Would you pay $2,700 per month to eat off granite counter tops on East New York Avenue?
The Daily News sort of buried the lead on a story last week about the city paying rent to a developer in Crown Heights who has been contracted to house 67 homeless families. The rag only divulged the monthly total paid by the city to the developer in a video adjacent to the article online, leaving print readers to wonder.
Their storyline: “the homeless are livin’ large in Brooklyn.”
The monthly cost per apartment? It’s $2,700 for a two bedroom apartment on East New York Avenue. The contract, signed with the Bushwick Economic Development Group is to span ten years, which means that over the course of that time New York City will be obligated to pay the developer Avi Shriki and HQ Marketing Partners over $21,700,000 to house 67 families.
Nobody is disputing whether or not to spend this money on the homeless, however, it should be money well-spent for maximum impact. The city’s heart is in the right place, but one of the reasons the system for housing the homeless is so backed up as to need emergency placements like this is because of the lack of Section 8 housing vouchers for deserving families. This program has been heavily de-funded in recent years.
When I worked in constituent services for a state senator in the borough years ago, the best advice my office was able to give families without a home was to enter the shelter system in hopes of getting an emergency placement somewhere. Section 8 was a godsend to many, and allowed families to pad their income and afford their rent, which they often contributed to on top of the voucher. But drawing that kind of luck was normally a lost cause thanks to budget cuts at city, state and federal housing authorities, and most people opted to remain with the relatives or friends who took them in rather than go through the nightmare of living in a shelter.
So why are we discarding a system that works in favor of handing over a hefty check to a developer who probably gambled a little too hard and lost? It’s bailout time. For a hefty sum like $21,700,000 we can house more people and use the free market system we’ve neglected as of late.

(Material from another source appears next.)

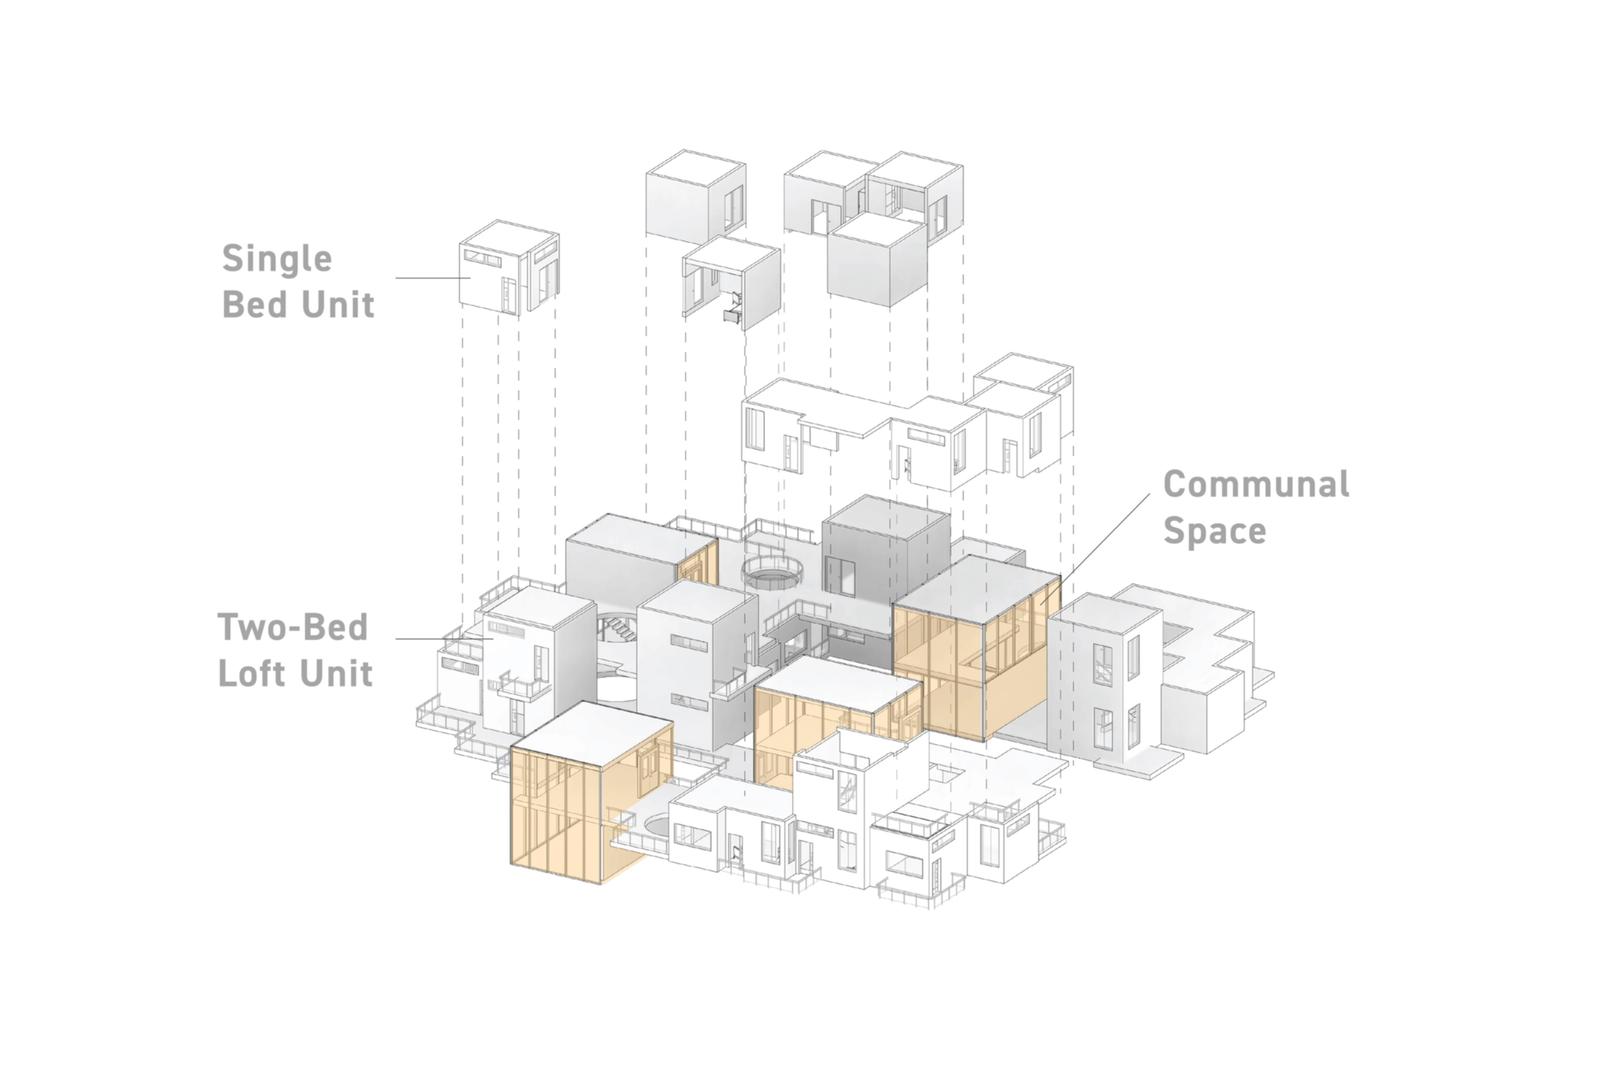 One-bed units above two-bed units and communal spaces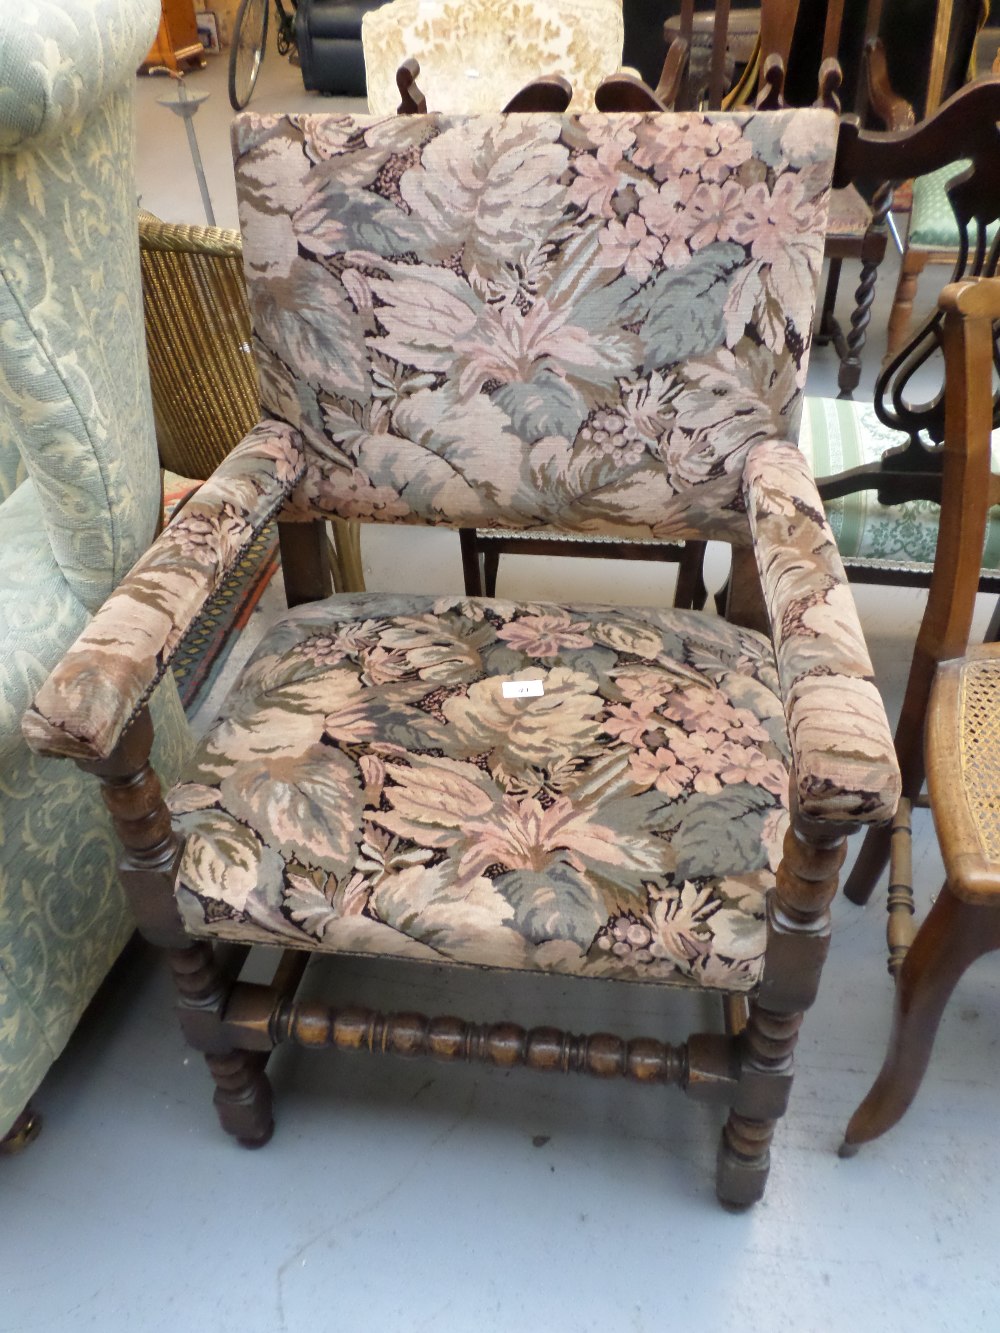 Wooden chair with floral cushion

Not to mention the fact that the city skirted some rules when it went ahead in approving what is basically, but not technically, a homeless shelter in a neighborhood without engaging the residents in an approval process. Not to mention that Crown Heights is already home to one of the largest shelters in the city.
Now, the mayor has told those 67 lucky families not to get too comfy in their new “luxury” apartments because their placement should be treated as transitional housing. With vouchers, these families could be weened off the system over time, and have a better chance at setting up a permanent home. Luxury, as it turns out, is fleeting.
If Section 8 vouchers were funded and open to the families that require assistance immediately, the homeless could use taxpayer dollars in a competitive market. For now, we’re using taxpayer dollars to pay an inflated price that was determined behind closed doors.
Ironically, in its attempt to save the free market, the City is merely furthering along its demise.